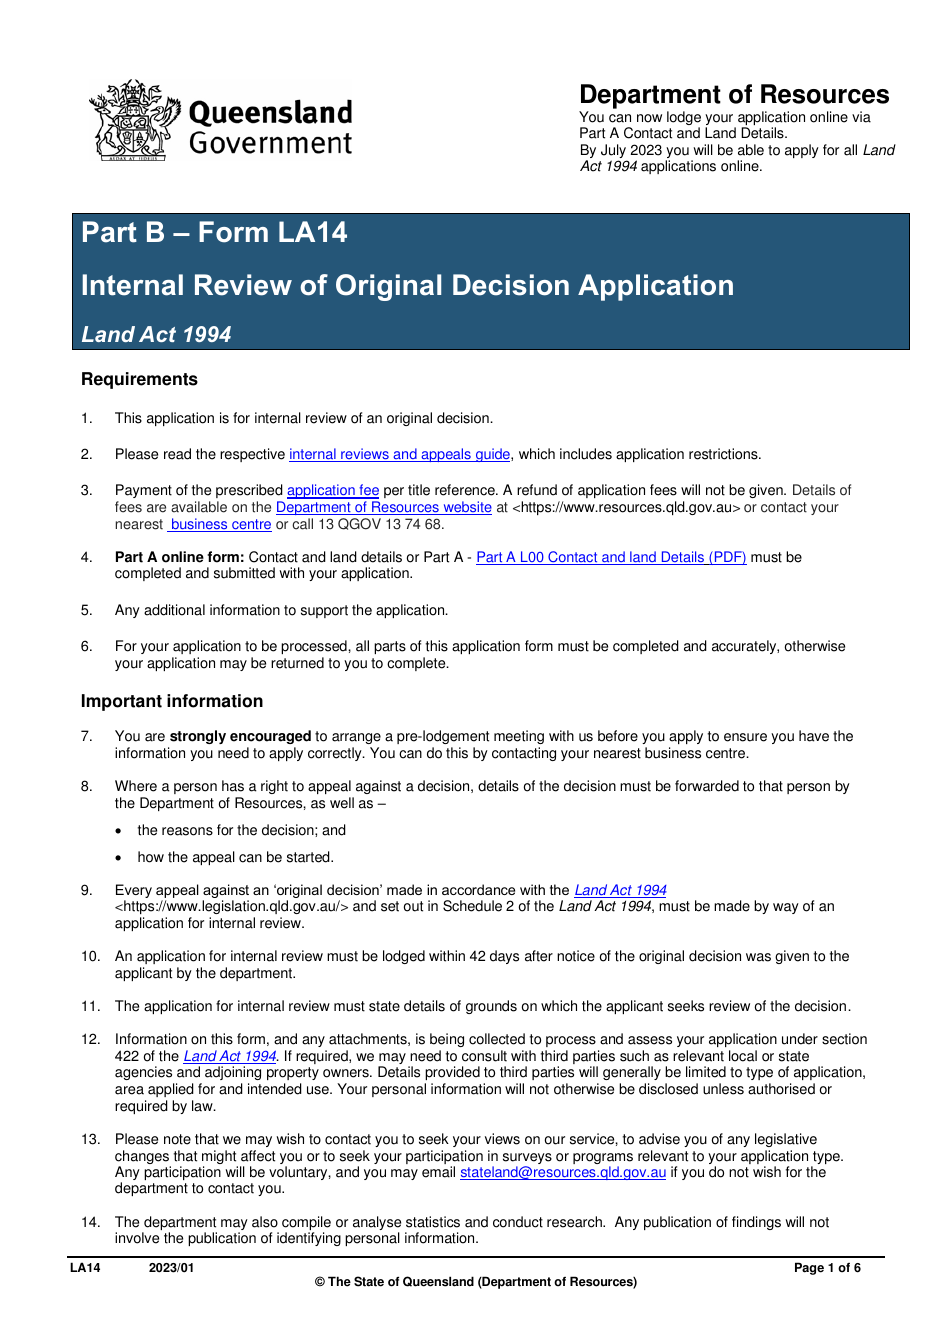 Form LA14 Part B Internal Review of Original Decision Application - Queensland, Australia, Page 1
==
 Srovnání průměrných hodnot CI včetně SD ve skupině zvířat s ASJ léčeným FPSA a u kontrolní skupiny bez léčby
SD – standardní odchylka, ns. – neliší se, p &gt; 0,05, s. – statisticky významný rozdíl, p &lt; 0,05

**Exercise details**
Send back exactly the lines of the listing above starting at the one with "Srovnání průměrných hodnot" and ending at the one with "SD – standardní", inclusive, and no others.

**Answer space**
 Srovnání průměrných hodnot CI včetně SD ve skupině zvířat s ASJ léčeným FPSA a u kontrolní skupiny bez léčby
SD – standardní odchylka, ns. – neliší se, p &gt; 0,05, s. – statisticky významný rozdíl, p &lt; 0,05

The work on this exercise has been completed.